# 7.10.1 The Restricted Active Space (RAS) Scheme

In the RAS formalism, we divide the orbital space into three subspaces called RAS1, RAS2 and RAS3 (Fig. 7.2). The RAS-CI states are defined by the number of orbitals and the restrictions in each subspace.

The single reference RAS-CI electronic wave functions are obtained by applying a spin-flipping or excitation operator $\hat{R}$ on the reference determinant $\phi^{\text{(0)}}$.

 $\left|{\Psi}^{\text{RAS}}\right>=\hat{R}\left|\phi^{\text{(0)}}\right>$ (7.89)

The $\hat{R}$ operator must obey the restrictions imposed in the subspaces RAS1, RAS2 and RAS3, and can be decomposed as:

 $\hat{R}=\hat{r}^{\text{RAS2}}+\hat{r}^{h}+\hat{r}^{p}+\hat{r}^{hp}+\hat{r}^{2h% }+\hat{r}^{2p}+...$ (7.90)

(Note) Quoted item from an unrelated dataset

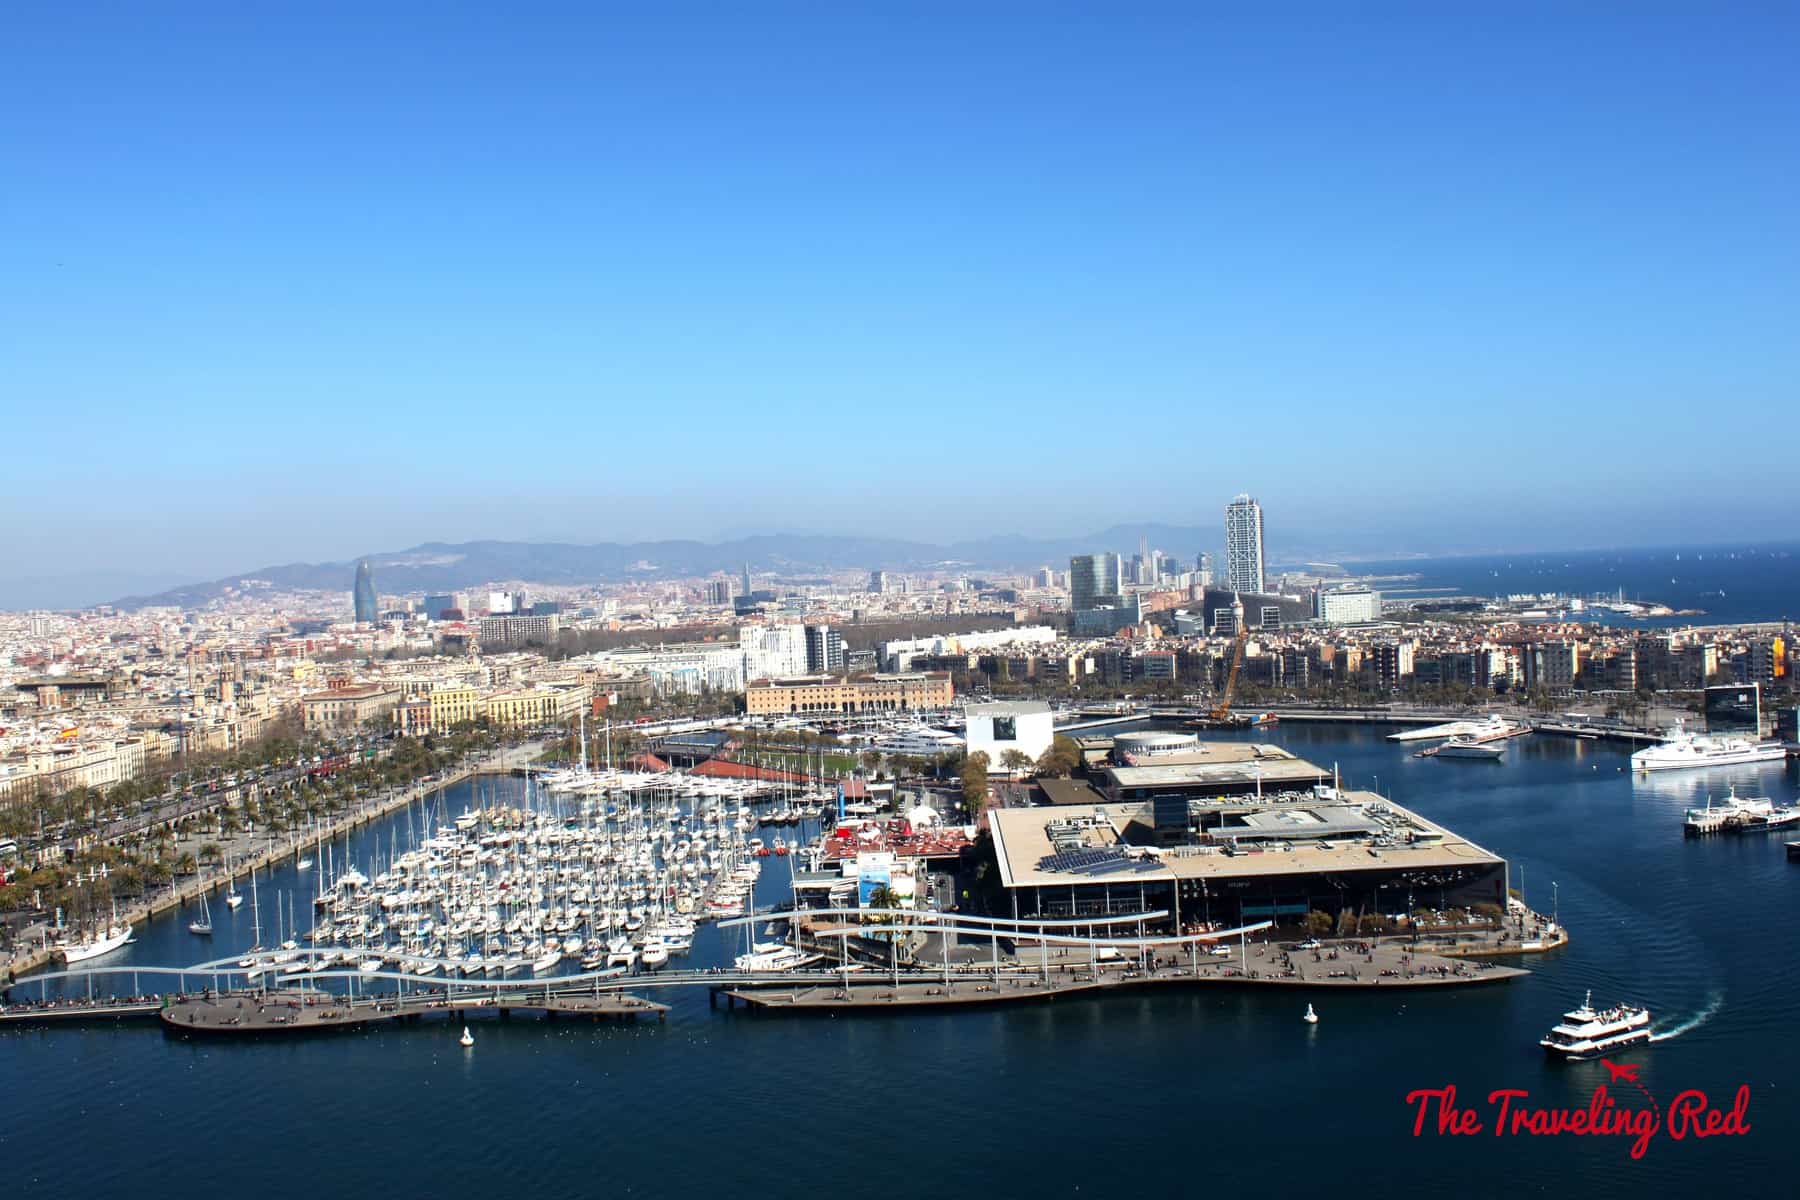 At the end of the boardwalk in Barceloneta is the Teleferic, a cable car that takes you up to Montjuic. The Teleferic has 360 degree views overlooking Barcelona, the beach and the marina full of mega-yachts.
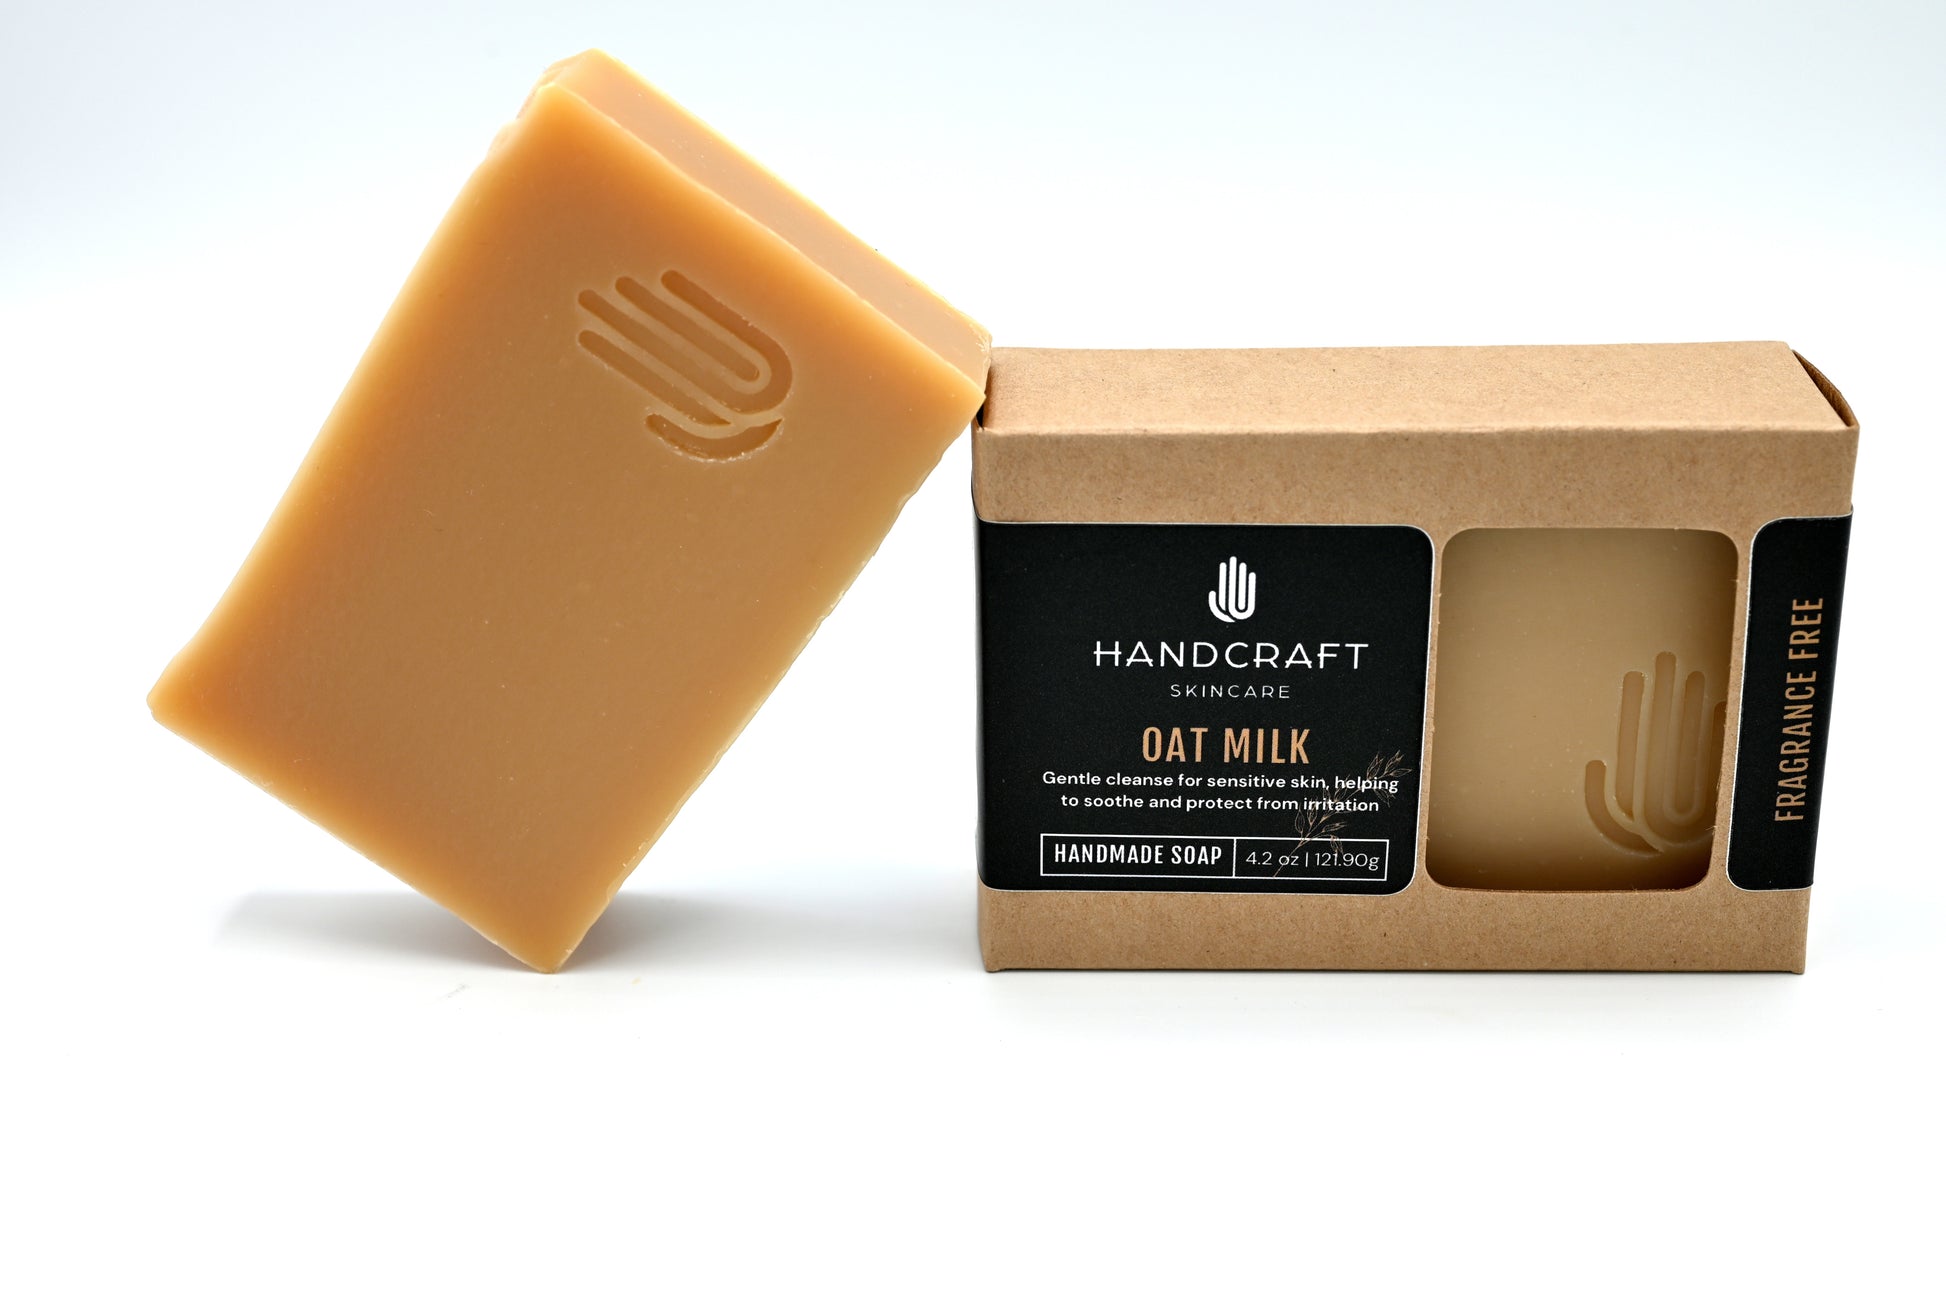 taupe colored oat milk soap is unpackaged and leaning at an angle on a packaged oat milk soap in a Kraft box with a black label

where $\hat{r}^{\text{RAS2}}$ contains all possible electronic promotions within the RAS2 space, that is, a reduced full CI, and the rest of the terms generate configurations with different number of holes ($h$ super-index) in RAS1 and electrons in RAS3 ($p$ super-index). The current implementation truncates this series up to the inclusion of hole and particle contributions, i.e. the first three terms on the right hand side of Eq. (7.90).